Вызванное к подъезду такси не пришло.

«Верный» шестичасовой поезд оказался отменен – его даже не было на табло. Люди вели себя очень спокойно: выстроившись к административной стойке, они узнавали что-то и либо уходили с вокзала, либо оставались терпеливо ждать. Элен выстояла очередь и, вернувшись, сообщила, что уехать в Париж можно будет поездом в 9.00, билеты на который мы вчера обменяли на этот верный шестичасовой. Выходило – ждать. Довольно скоро мы нашли буфет, туалет и магазинчик прессы, что несколько разнообразило наши занятия, и в конце концов очень удачно влезли в вагон первого класса поданного в 9.30 поезда на Париж, который шел через Бордо шесть часов. Распихав свои вещи, я спросил Элен: что, в конце концов, все это значит? Стрельба слезоточивым газом по студентам в Париже, разгон докеров в Марселе, теперь вот еще эта забастовка? Я чувствую напряженность, но не понимаю, в чем причина…

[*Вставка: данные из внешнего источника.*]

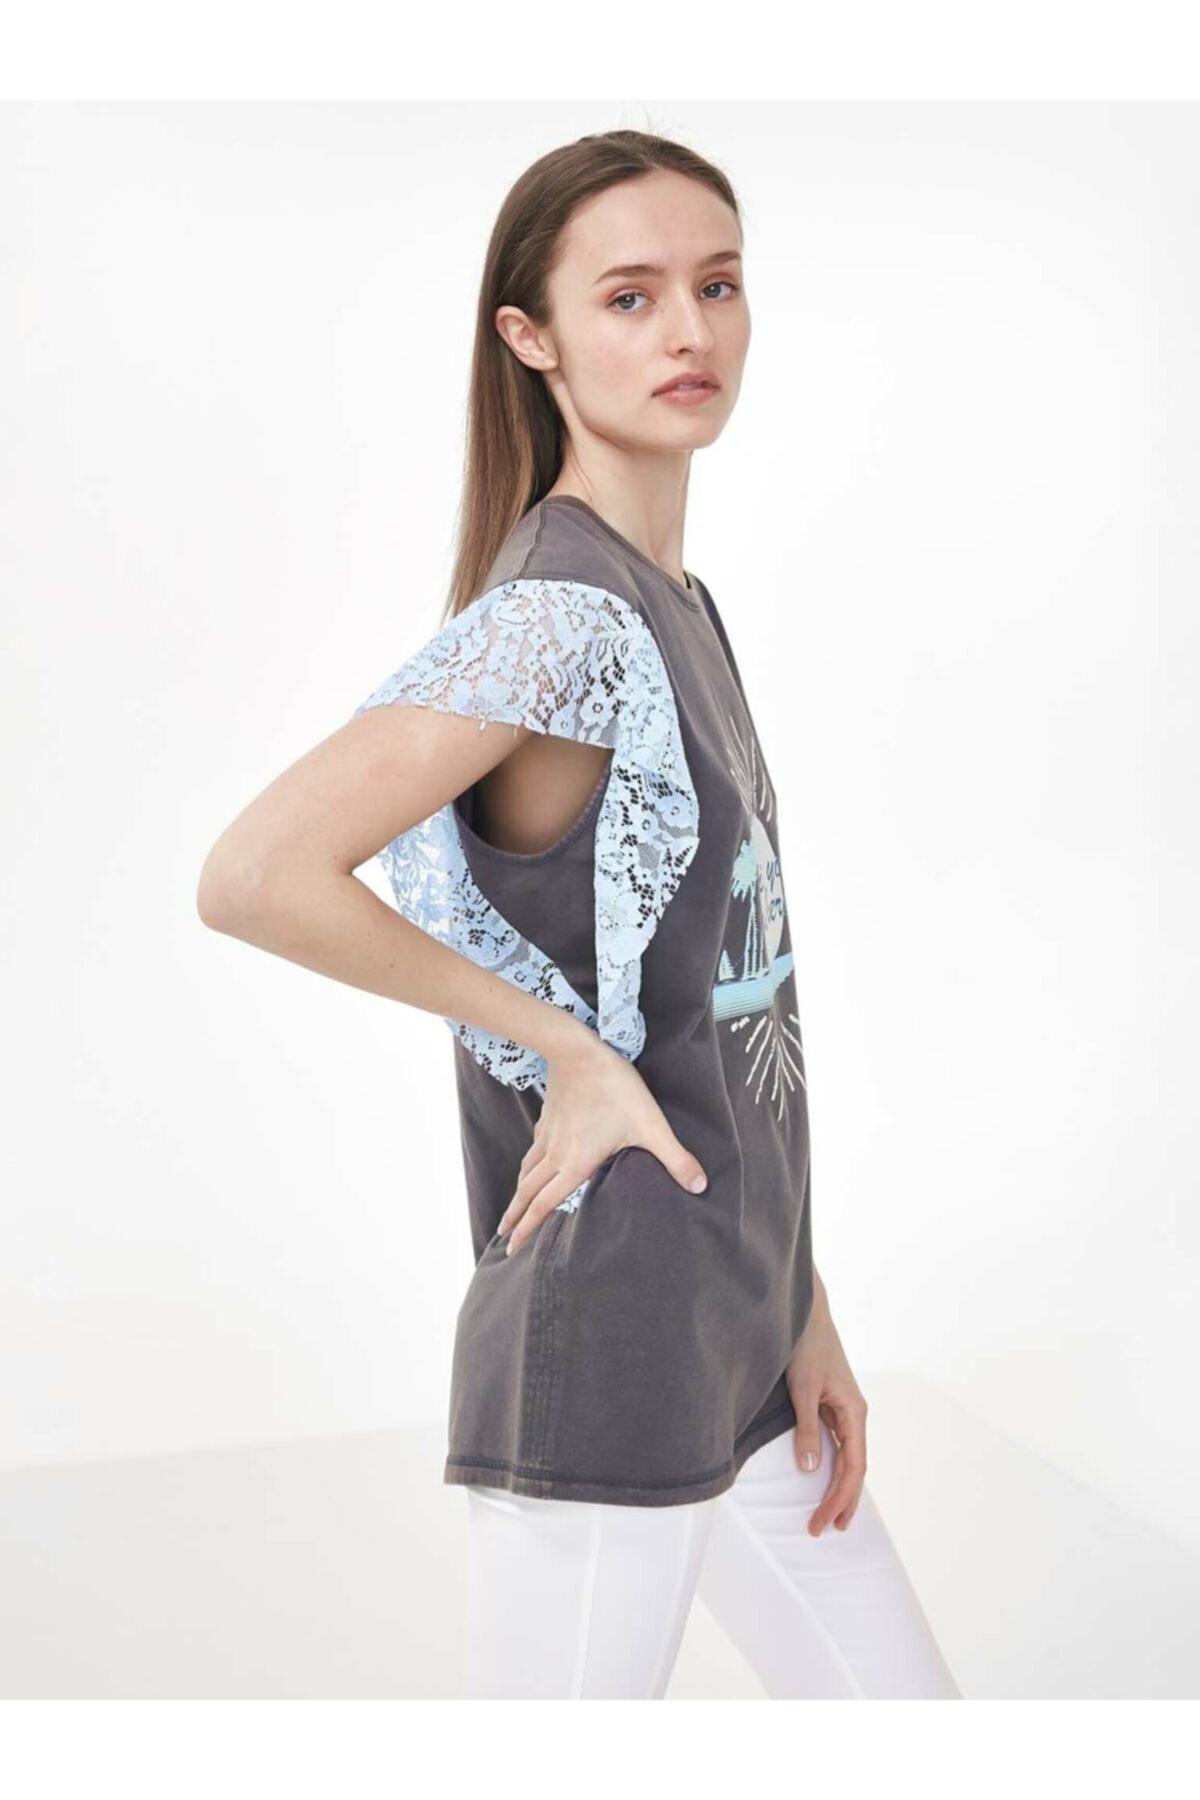 Twist Kadın Gri Dantel Mixli Tshirt TS1200070160126 1

– Причина сложная. Общество меняется. По поводу этой конкретной забастовки все просто объяснить: железные дороги хотят приватизировать. А грандиозный профсоюз транспортников против этого. Этот профсоюз – это огромное завоевание и очень сильное учреждение. Если приватизация – значит, хозяин будет выгонять по своему усмотрению, по своему усмотрению менять проездные тарифы… Сейчас профсоюз обеспечивает своих работников льготами и правами, а приватизация, конечно, будет настаивать на их отмене. То, что они дают два поезда в день – то есть устраивают такую «мягкую» забастовку, – это потому, что еще до Саркози, во время мощных забастовок в парижском метро, была озвучена угроза правительства, что если забастовки не прекратятся, то армия овладеет железными дорогами и метро и обеспечит их работу. Сейчас вообще всякое изъявление протеста – оно должно быть заранее оговорено и согласовано. Людей лишают возможности бороться за свои права… – Элен задумалась. – Но в целом дело серьезнее. Я не знаю, как объяснить. В русском языке ведь существует пословица, что бедность – это не грех?

– Бедность не порок.

– Да, была не порок. А теперь – порок. Если ты безработный – это порок. Теперь, если тебе на бирже труда дважды предлагают работу – любую, даже ту, которая тебя не устраивает, – а ты отказываешься, тебя на третий раз лишают пособия, лишают прав. Все, ты не хочешь работать, ты изгой.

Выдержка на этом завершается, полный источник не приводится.